China maintained its strong 2020 export performance in October, buoyed by a summer of consumer spending in the U.S. and Europe after a locked-down spring. Overall, outbound shipments increased to $237.2 billion, up 11.4% compared to the same month a year before.

After almost a year of robust export growth, it’s becoming clear that the global Covid-19 pandemic is accelerating the trend of China’s emergence as the world’s dominant economy.

China is now the only major industrial nation expected to show economic growth this year. The International Monetary Fund has predicted a gross domestic product expansion of 1.9% in 2020, and 8.2% in 2021. Manufacturing in the country has risen to its highest levels since 2011. China aims to become the world’s biggest economy by 2035.

That economic power is based on exports, especially to the U.S. and Europe. And now China, armed with a head start in beating back the Covid-19 virus, is grabbing market share from companies and countries that have had a more difficult time getting fired up again.

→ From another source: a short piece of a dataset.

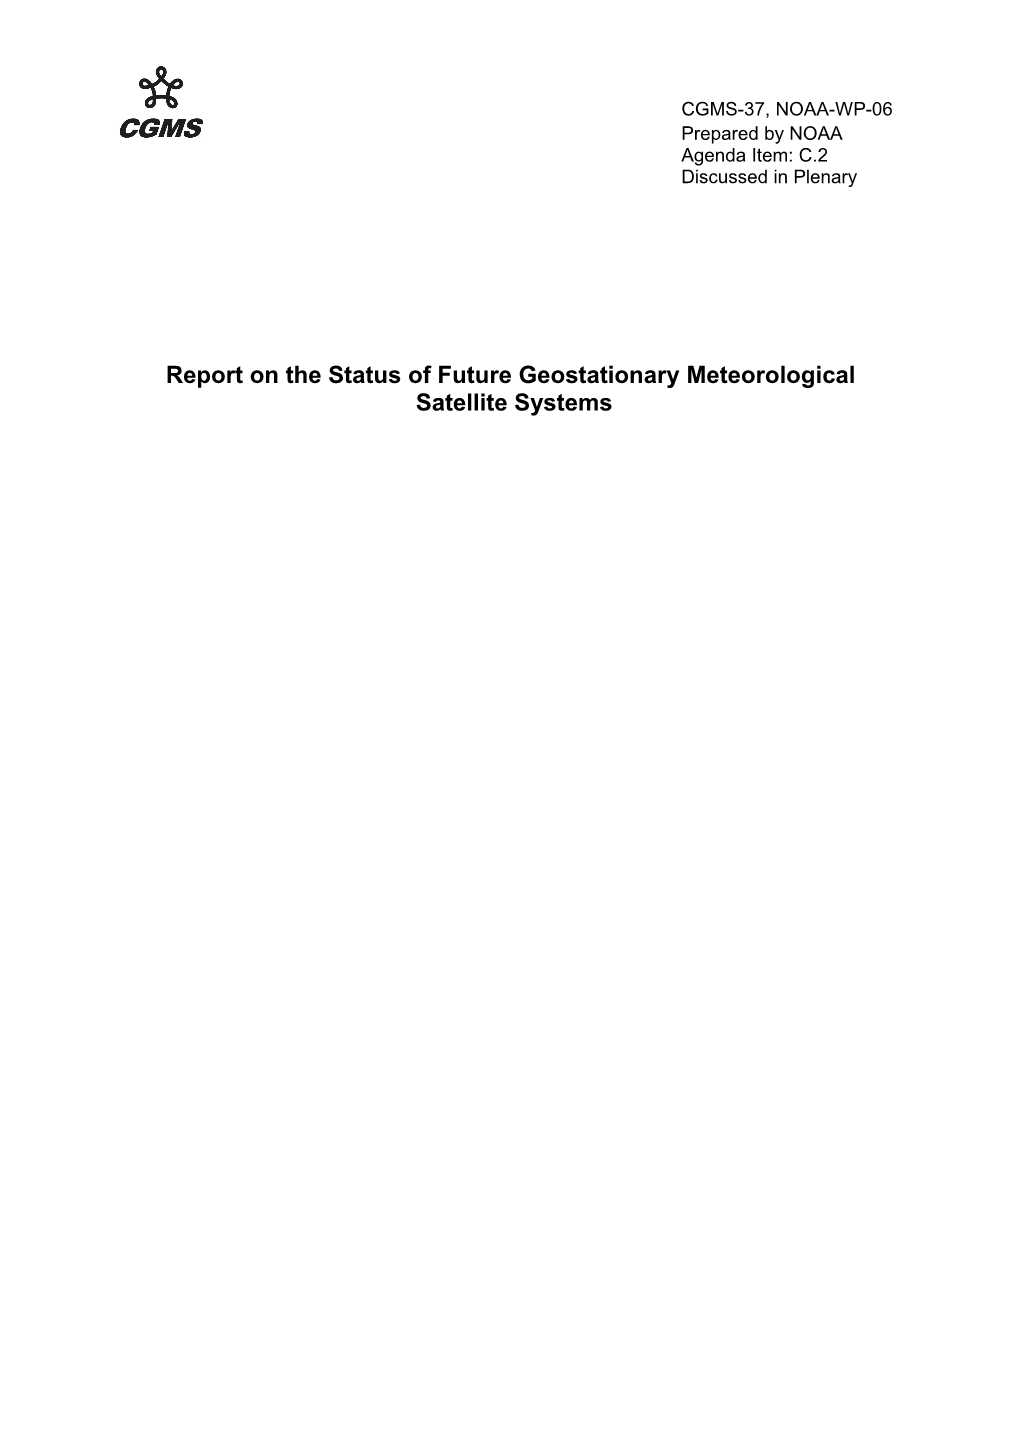 Report on the Status of Future Geostationary Meteorological

Exports to the European Union increased 9.2% to $33.6 billion, while shipments to the U.S. spiked a whopping 22.2% in October, rising to $43.8 billion and widening its trade surplus, a source of political tension with Washington, to $31.4 billion from $30.8 billion in September.

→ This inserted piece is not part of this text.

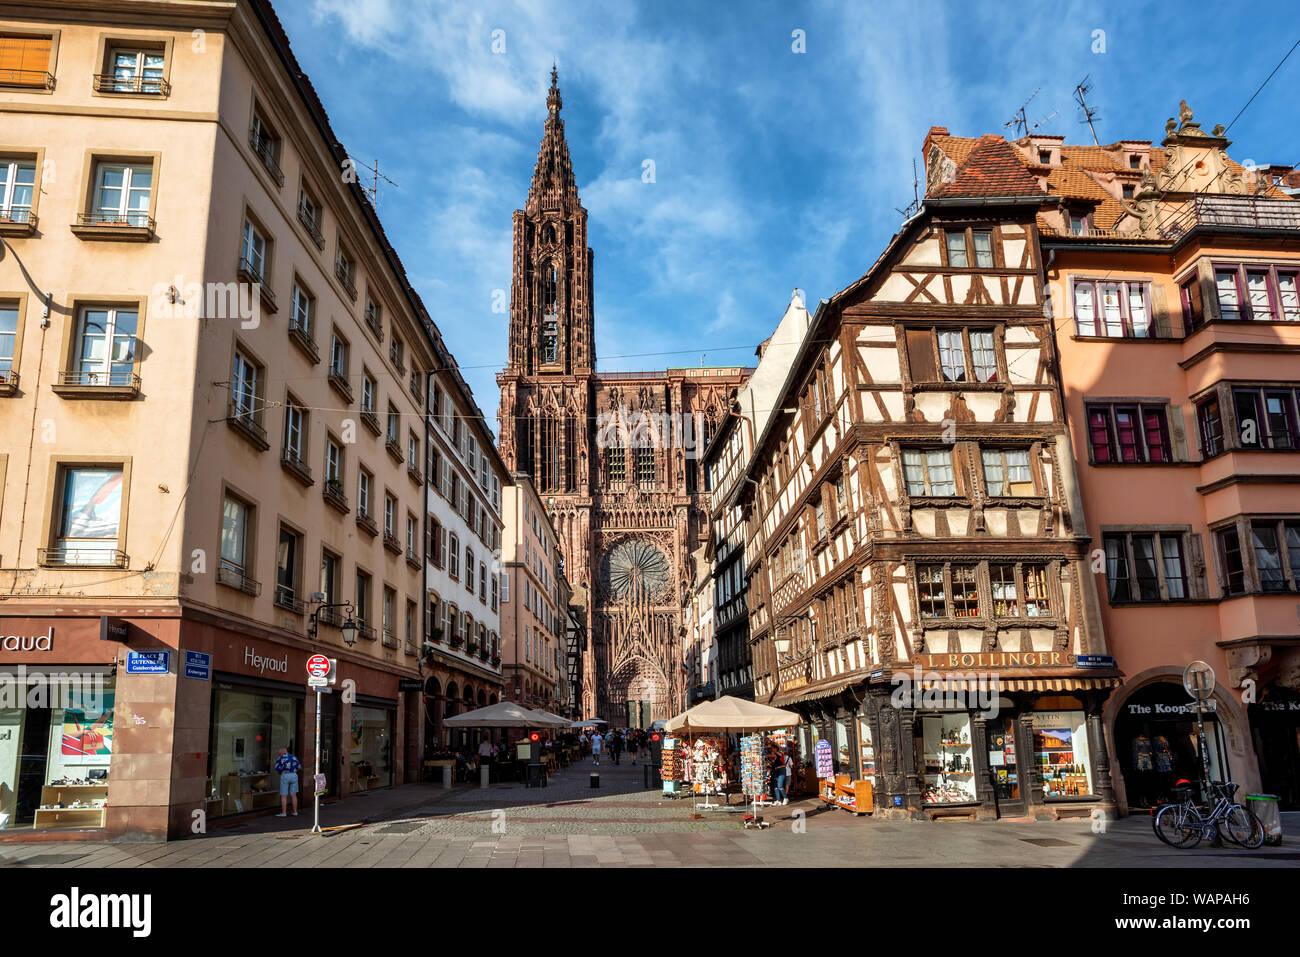 Strasbourg, France - June 23 2019: Strasbourg city center with historical half-timbered houses and beautiful gothic cathedral is a popular tourist des Stock Photo

China’s ongoing export boom is even more extraordinary given the world’s ongoing contraction. The Organization for Economic Co-operation and Development has said that global GDP will shrink 7.6% in 2020 and expand by 2.8% in 2021, with a full recovery coming only in 2022.

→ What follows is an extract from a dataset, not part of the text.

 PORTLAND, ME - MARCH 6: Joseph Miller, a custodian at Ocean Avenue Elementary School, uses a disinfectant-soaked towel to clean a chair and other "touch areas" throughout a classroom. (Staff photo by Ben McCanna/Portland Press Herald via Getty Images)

What’s remarkable, too, is the wide range of goods China is exporting. In October, China increased its exports of consumer goods, like toys and furniture, medical devices, and high-tech goods.

Exports of garments and clothing accessories increased 6.8% to $13.2 billion. Exports of home appliances increased 39.6% to $6.2 billion. Shipments of plastic products leapt 34.6% to $8 billion. Exports of auto parts increased 18.8% to $5.5 billion.

To be sure, there are signs of saturation in some markets. Exports of mobile phones declined 20.2% to $12.8 billion. Shipments of bags and containers fell 19.9% to $1.8 billion. There is a risk that Western consumers will cut back on spending as they run out of cash and face societal restrictions this winter.

With Covid cases resurging, China will keep shipping containers of masks, intubation machines, and other medical gear needed to fight the pandemic. In October, exports of medical devices increased 31.6% to $1.4 billion.

At it gets wealthier, China is also on its way to becoming the world’s top consumer market. China’s per capita GDP will achieve the status of a “mid-level advanced country”, according to a recent report by the Chinese communist party.

In October it ramped up imports of meat, fruits, and cereals. Its purchases of soybeans increased 44.2% to $3.5 billion. Imports of high-tech products increased 9.7% to $60.5 billion. China’s imports of coal declined 48.5% to $921 million, a stunning decline that reflects its phasing out of the dirty fuel as an energy source. In 2010, China imported $18.2 billion worth of coal. In its place, China is burning more natural gas. Imports of natural gas shrank by dollar value but increased by quantity.

Beijing has promised to keep its promise, made in January as part of the so-called Phase 1 trade deal, to buy an extra $200 billion of U.S. soybeans and other commodities over the next two years.

It may have to make further deals to appease trading partners. With its economy outpacing everybody else’s, China’s trade surplus increased in October to $58.4 billion from $37 billion in September, beating economists’ expectations by around $10 billion.